Objectives: Decaying wood samples were collected, and actinomycetes were isolated and screened for laccase production. The identity of the efficient laccase-producing isolate was confirmed by using a molecular approach. Fermentation conditions for laccase production were optimized, and laccase biochemical properties were studied.

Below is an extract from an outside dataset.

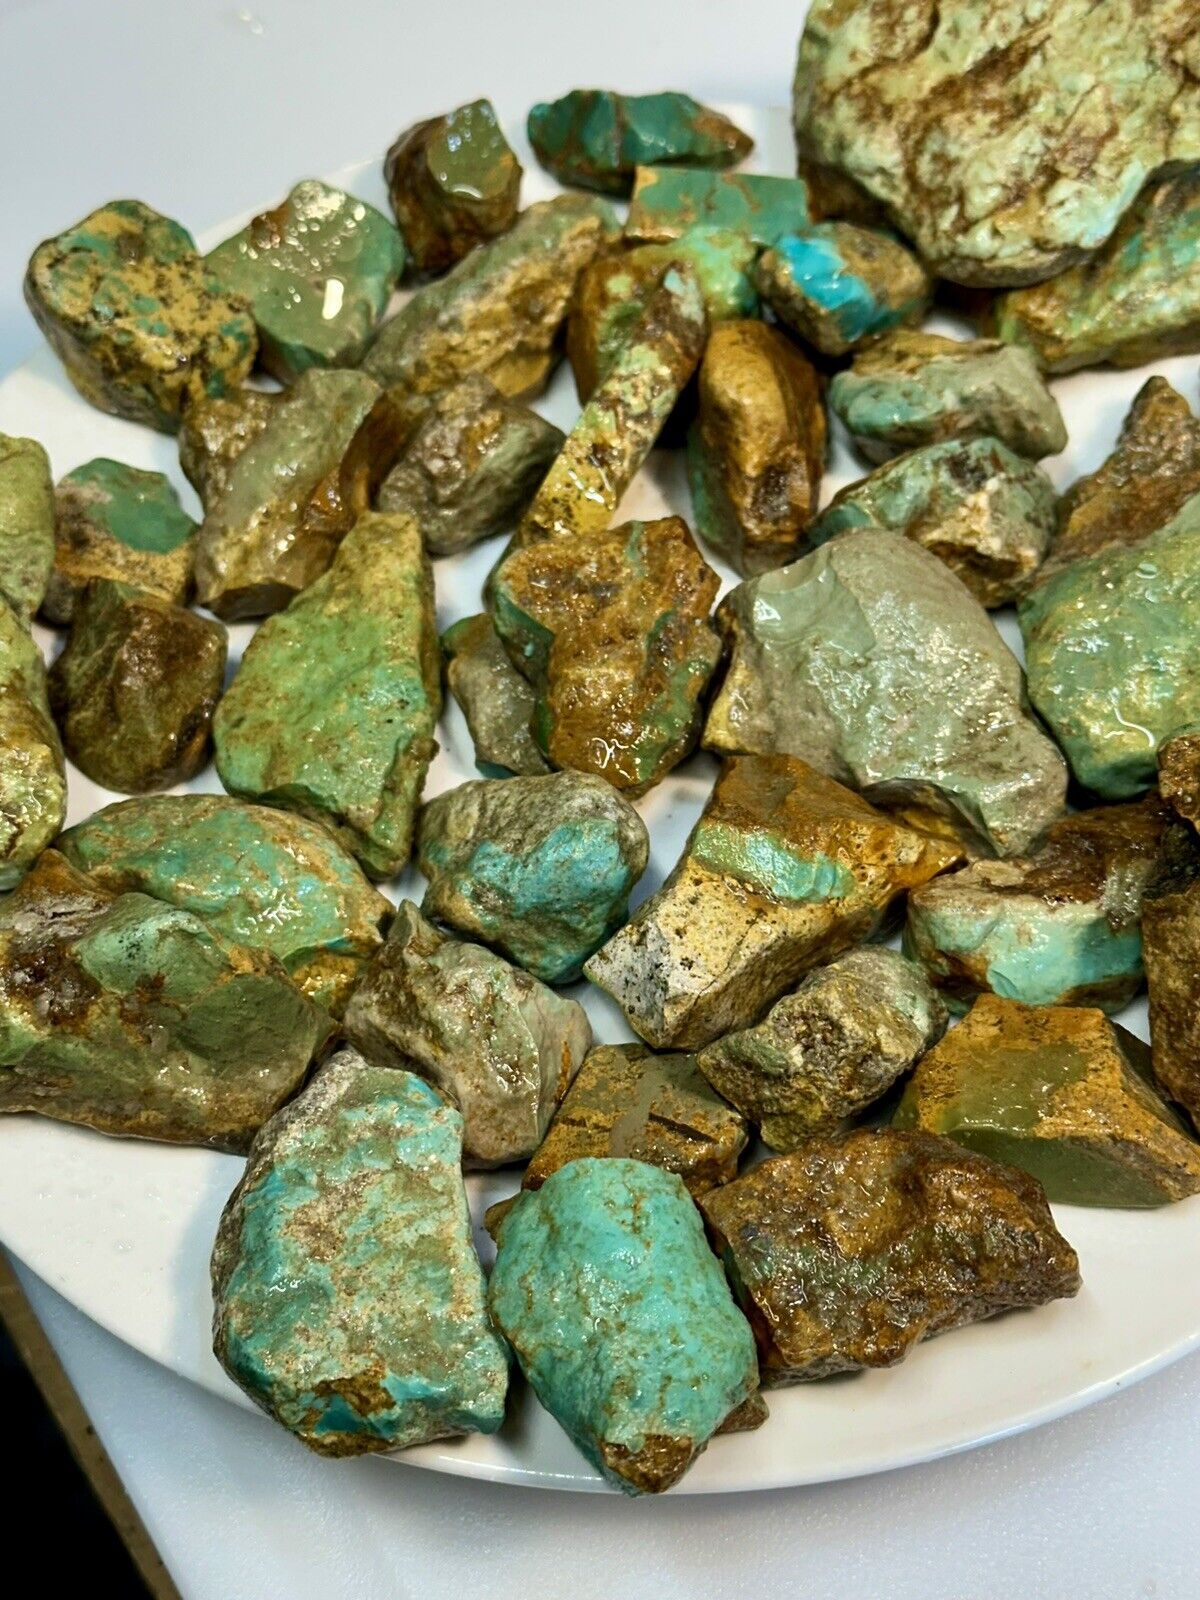 Old Hardy Pit Turquoise Nugs. 1 Pound of Amazing LW Hardy pics from HIS stash

Results: Based on the 16S rRNA gene sequencing and phylogenetic analysis, the isolate coded as HWP3 was identified as Streptomyces sp. LAO. The time-course study showed that the isolate optimally produced laccase at 84 h with 40.58 ± 2.35 U/mL activity. The optimized physicochemical conditions consisted of pH 5.0, ferulic acid (0.04%; v/v), pine back (0.2 g/L), urea (1.0 g/L), and lactose (1 g/L). Streptomyces sp. LAO laccase was optimally active at pH and temperature of 8.0 and 90 °C, respectively, with remarkable pH and thermal stability. Furthermore, the enzyme had a sufficient tolerance for organic solvents after 16 h of preincubation, with laccase activity > 70%. Additionally, the laccase maintained considerable residual activity after pretreatment with 100 mM of chemical agents, including sodium dodecyl sulphate (69.93 ± 0.89%), ethylenediaminetetraacetic acid (93.1 ± 7.85%), NaN3 (96.28 ± 3.34%) and urea (106.03 ± 10.72%).
Conclusion: The laccase's pH and thermal stability; and robust catalytic efficiency in the presence of organic solvents suggest its industrial and biotechnological application potentials for the sustainable development of green chemistry.
Keywords: Agro-wastes; Biodetoxification; Green technology; Laccase; Streptomyces sp.